As a monogenic loss-of-function disorder, KD is an ideal candidate for gene therapy. A variety of viruses have been investigated for use in treating KD, including adenovirus, lentivirus, and AAV.^{53,55,57,58,97,98,102,108} To date, AAV appears to be the most promising viral vector for KD gene therapy.^53,57,58,108

The AAV capsid determines its cellular tropism and is, therefore, an important factor in therapy efficacy.^{149,150,151,152,153} Naturally occurring AAVs generally have a broad tropism but often still have a bias toward one specific cell type, with neuronal bias being the most common within the CNS.^154,155,156 Each AAV’s tropism varies depending on administration route, target species, age of infusion, and purification methods.^154,157,158 CNS-directed, AAV-mediated gene therapy using vectors pseudotyped with either the AAV5 or AAV1 capsids carrying a galc transgene, initiated during the neonatal period, increased the median survival of TWI by 10–15 days.^98,101 Addition of i.t. injections in conjunction with the intracerebral (i.c.) route further increased median survival by another ∼15 days.¹⁰⁶ The greatest increase in lifespan, median survival of 280 days of age, in TWI attributed solely to AAV-mediated gene therapy was observed following high-dose i.v. AAVrh10. This approach significantly increased GALC activity in both the brain and sciatic nerve, reduced neuroinflammation, improved weight gain, increased strength, and normalized gait.¹⁰⁸

A study investigating gene therapy in the canine model of KD administered AAVrh10-GALC i.v. and i.c.v. at 3 days and 6 weeks, respectively.

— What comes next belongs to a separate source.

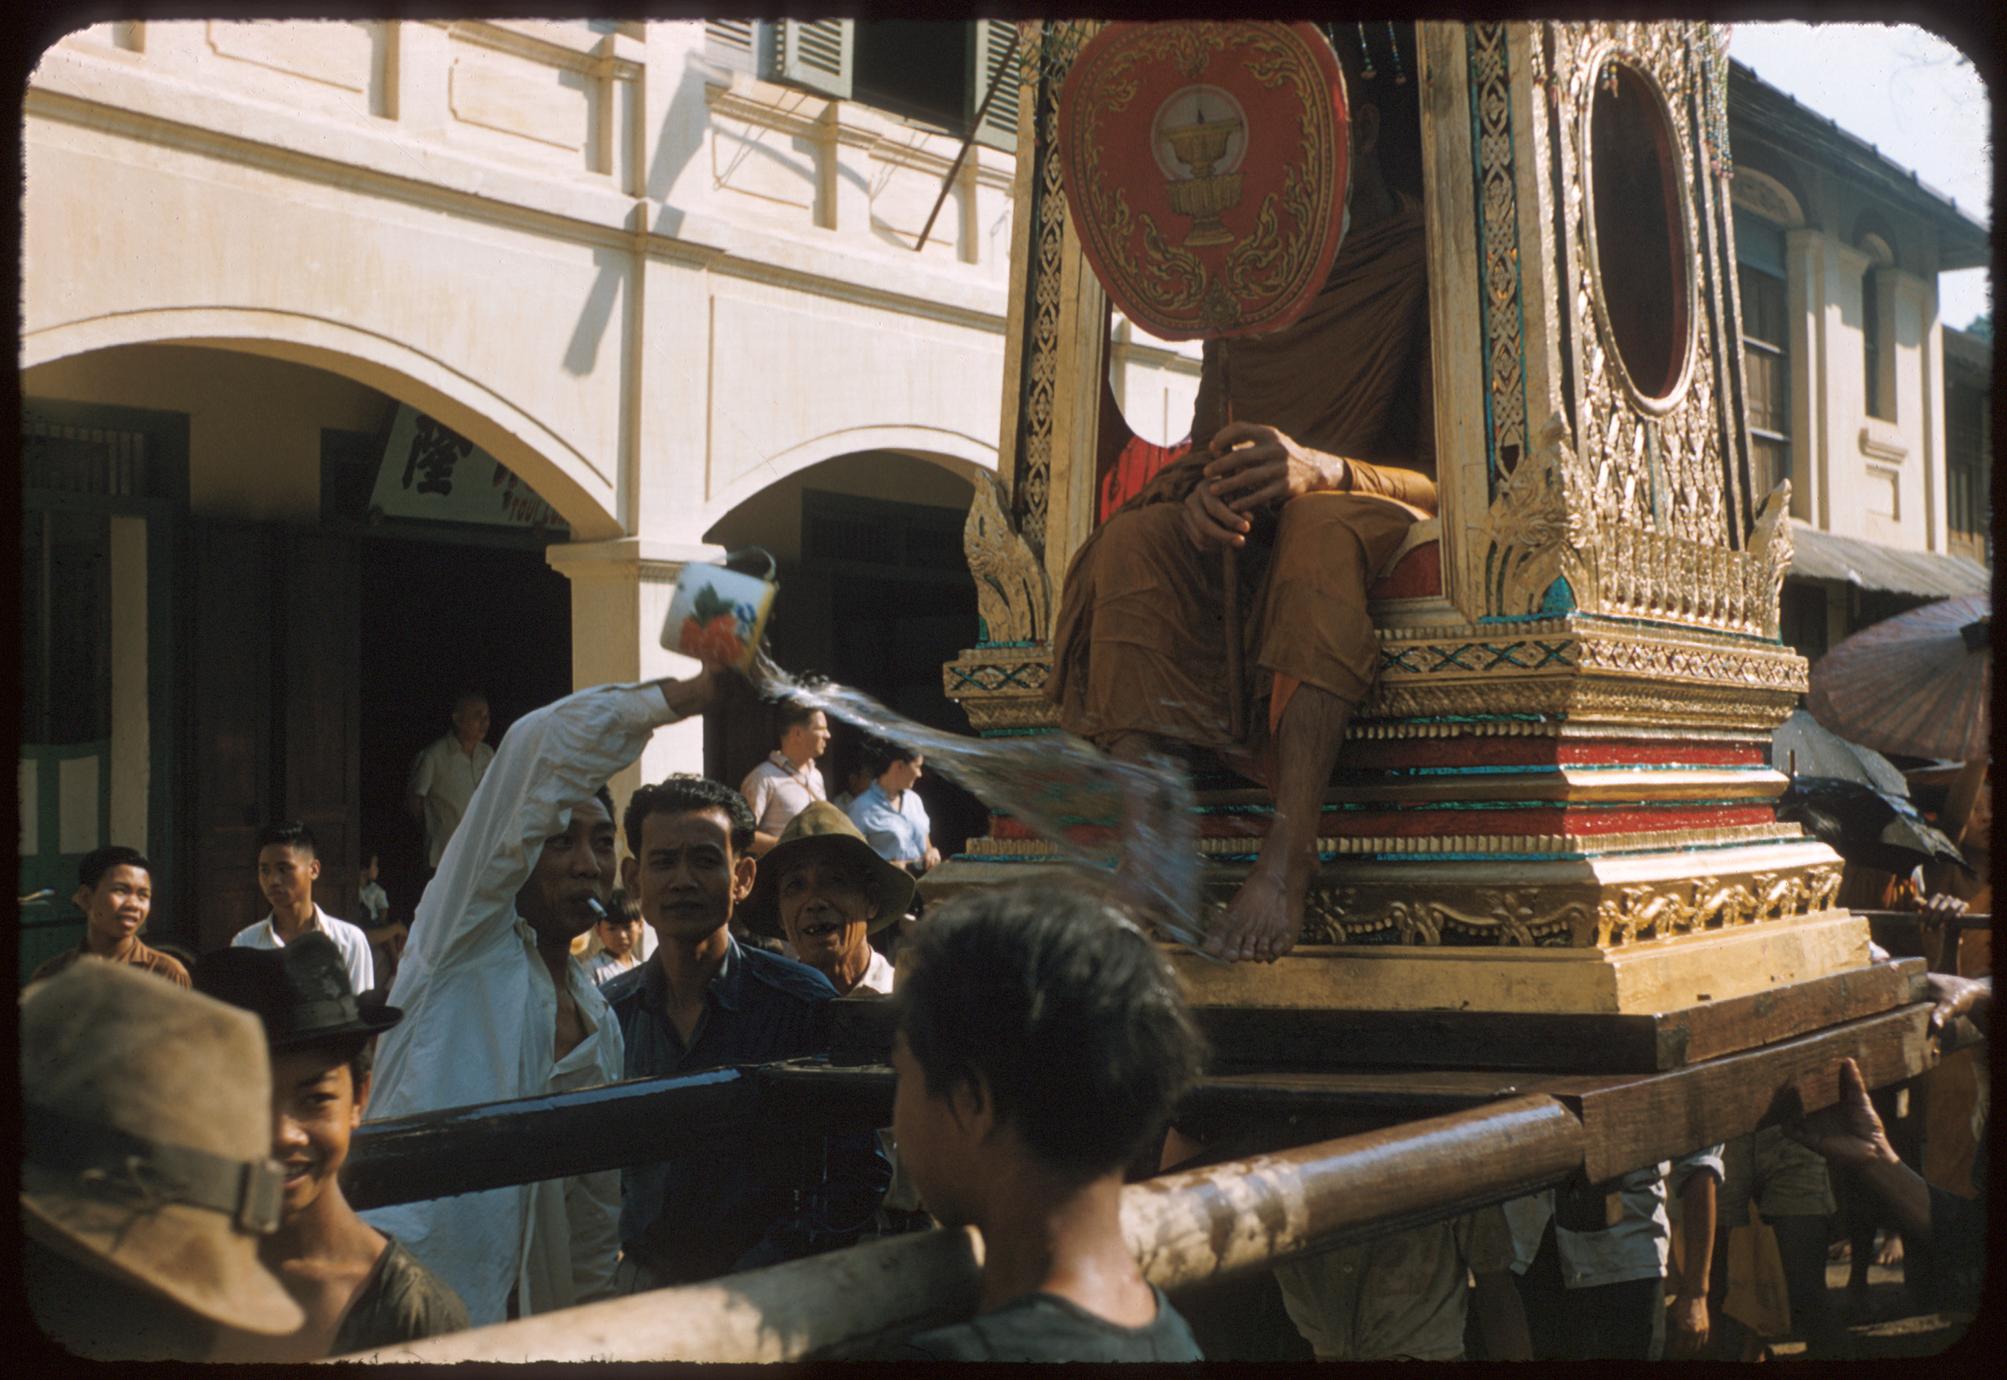 Carrying monk on palanquin
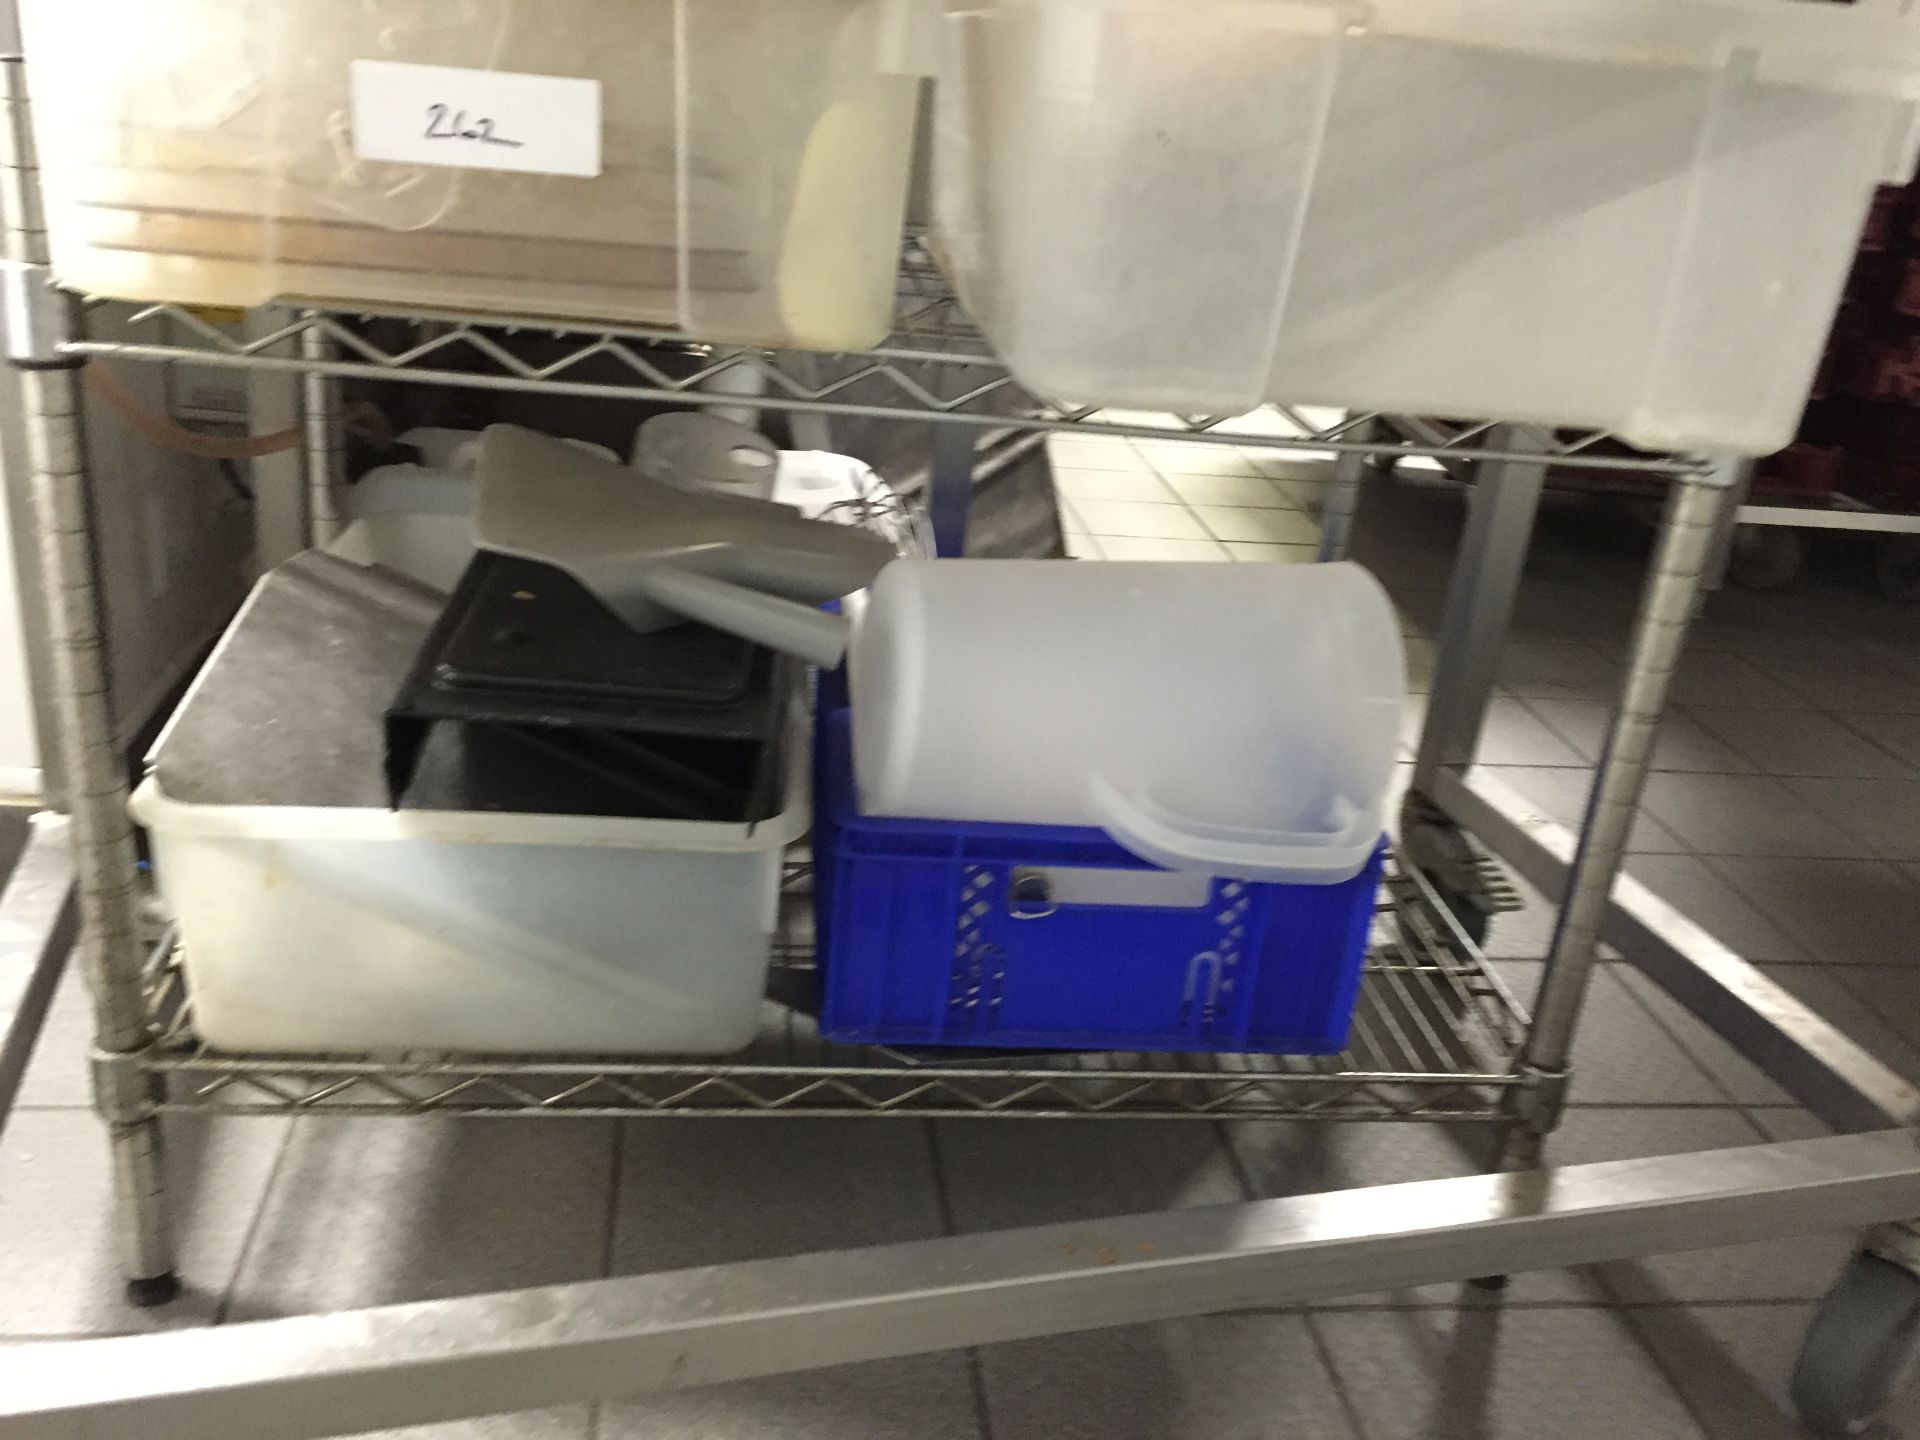 1 x Commercial Catering Wire Storage Shelf Contents not included - Two Tier - H62 x W100 x D40cm - Image 2 of 2

The therapy had a clear dose response and resulted in increased GALC activity, reduced psychosine, and improved myelination. However, correction was not complete, likely due to the treatment dosage being too low.⁵² A subsequent report from the same laboratory completed a dose-response study of AAV9-GALC delivered by intracisternal injection at pre-symptomatic (2 weeks) and post-symptomatic (6 weeks) time points. The second study found that delivery of high-dose AAV9-GALC extended survival over seven times that of untreated canines and corrected neurological dysfunction as shown by attenuated loss of myelin and significantly reduced psychosine.⁵⁸

Gene therapy has also been investigated in many other LSDs; see Ohashi et al. 2019 for a review focusing on this topic.¹⁵⁹ Like KD, many LSDs have shown significant improvements in median survival and disease pathology in animal models following gene therapy and are now moving into clinical trials. For example, a mouse model of GM1 gangliosidosis, displayed near-complete correction of the β-galactosidase (βgal) deficiency following therapy with an AAV2 vector administered i.c.v.¹⁶⁰ Treating the GM1 gangliosidosis mouse model with an AAV9 vector administered i.v. increased βgal, significantly reduced GM1, improved behavioral performance on multiple assays, and increased median survival by 150 days.¹⁶¹ A similar therapeutic approach of i.v. AAV9 was used to treat a feline model of GM1 gangliosidosis. This treatment decreased GM1, nearly normalized βgal, reduced pathology, partially normalized myelination, and increased survival by almost 3 years.¹⁶² These results led to a phase 1/2 clinical trial using an AAV9 vector to treat GM1 gangliosidosis (NCT03952637). Any information that is gained from this and other clinical trials investigating AAV therapy for LSDs, such as which AAV serotype, treatment route, or dosing strategies are most efficacious, will be immensely useful for future LSD studies and clinical trials. For a more complete list of AAV-based gene therapy trials for LSDs currently underway, see clinicaltrials.gov.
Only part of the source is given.